There are just 6 simple steps. They are fully documented here:
Step 1 | Register for an AppDynamics Account. |
Step 2 | Download the .NET Agent for AppDynamics. |
Step 3 | Add the agent to a web role or worker role. You must add the agent to each web and worker role. |
Step 4 | Add some startup commands in the form of a startup.cmd text file. This means copying some boilerplate code into startup.cmd. It also means going into the ServiceDefinition.csdef file and indicating that the startup.cmd file you just added gets executed on startup. |
Step 5 | Publish your application. |
Step 6 | Monitor performance. Use your browser to visit the AppDynamics Controller at the URL given in your welcome email and on your AppDynamics account home page. |
Conclusion
Multi-tiered applications are notoriously difficult to troubleshoot, especially when hosted in cloud infrastructures. When there is an outage or when performance slows, it is difficult to identify the root cause or location of the issue.
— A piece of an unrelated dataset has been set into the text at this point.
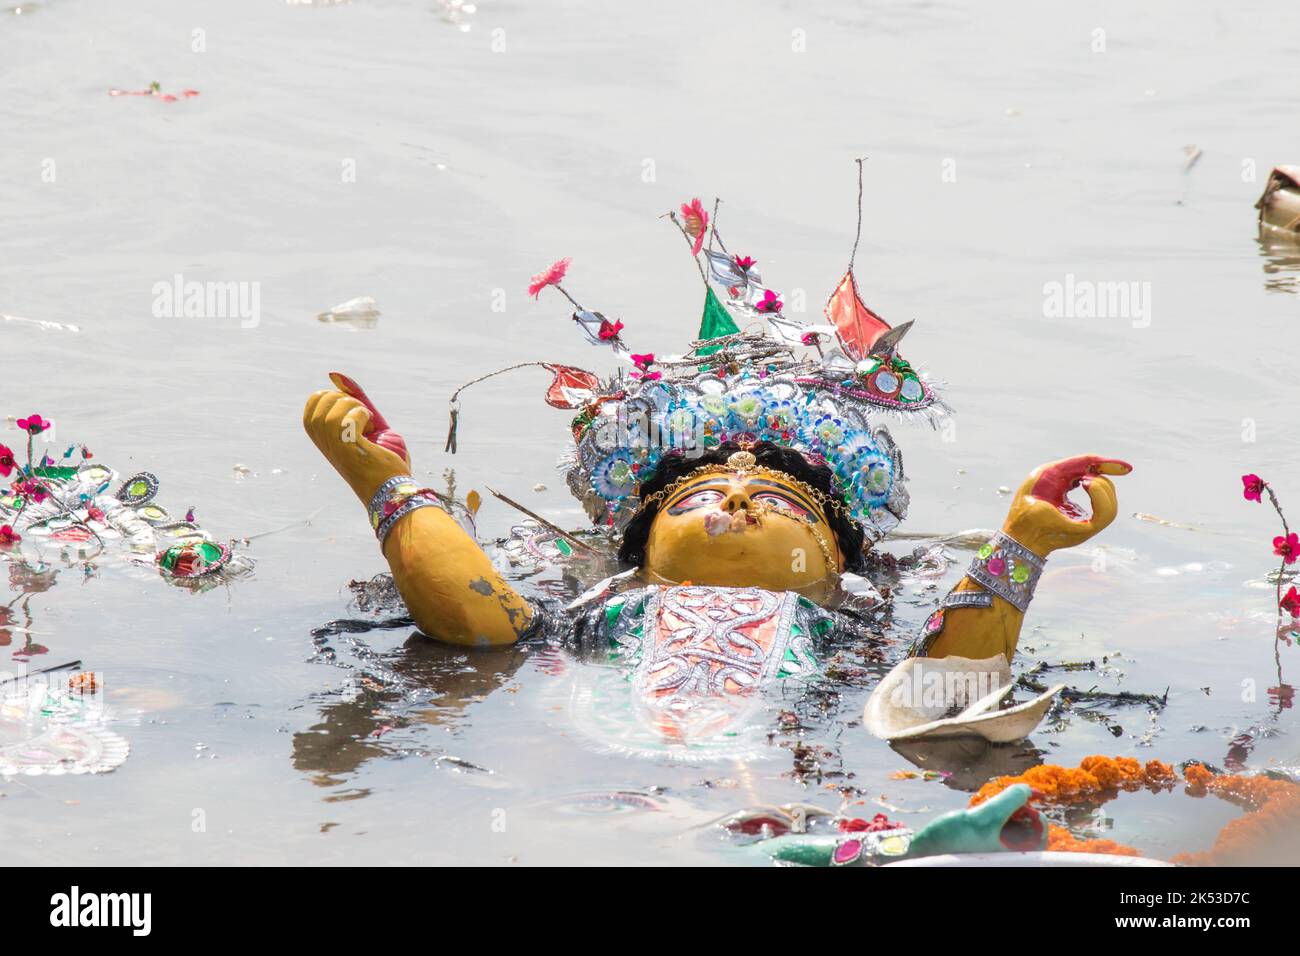 Idol der Göttin Durga wird am heiligen Fluss Ganges, am Ende des Durga Puja Festivals eingetaucht. Die Veranstaltung wird in bengalischer Sprache Bisorjon genannt. Stockfoto

Even more difficult is to anticipate problems before they dramatically affect end users. Setting up alerts and monitoring agents needs to be simple and fast. Moreover, as application complexity grows, it is important for the system to dynamically discover application tiers and map the transaction flow, focusing on real-time request latency, payload inspection, response times, error rates, and transactional grouping. In short, AppDynamics provides holistic, multi-dimensional view at the business transaction level as well as the lower level infrastructure component performance. It makes it quick and easy to find slow transactions, memory leaks, slow database queries, thread contention and more.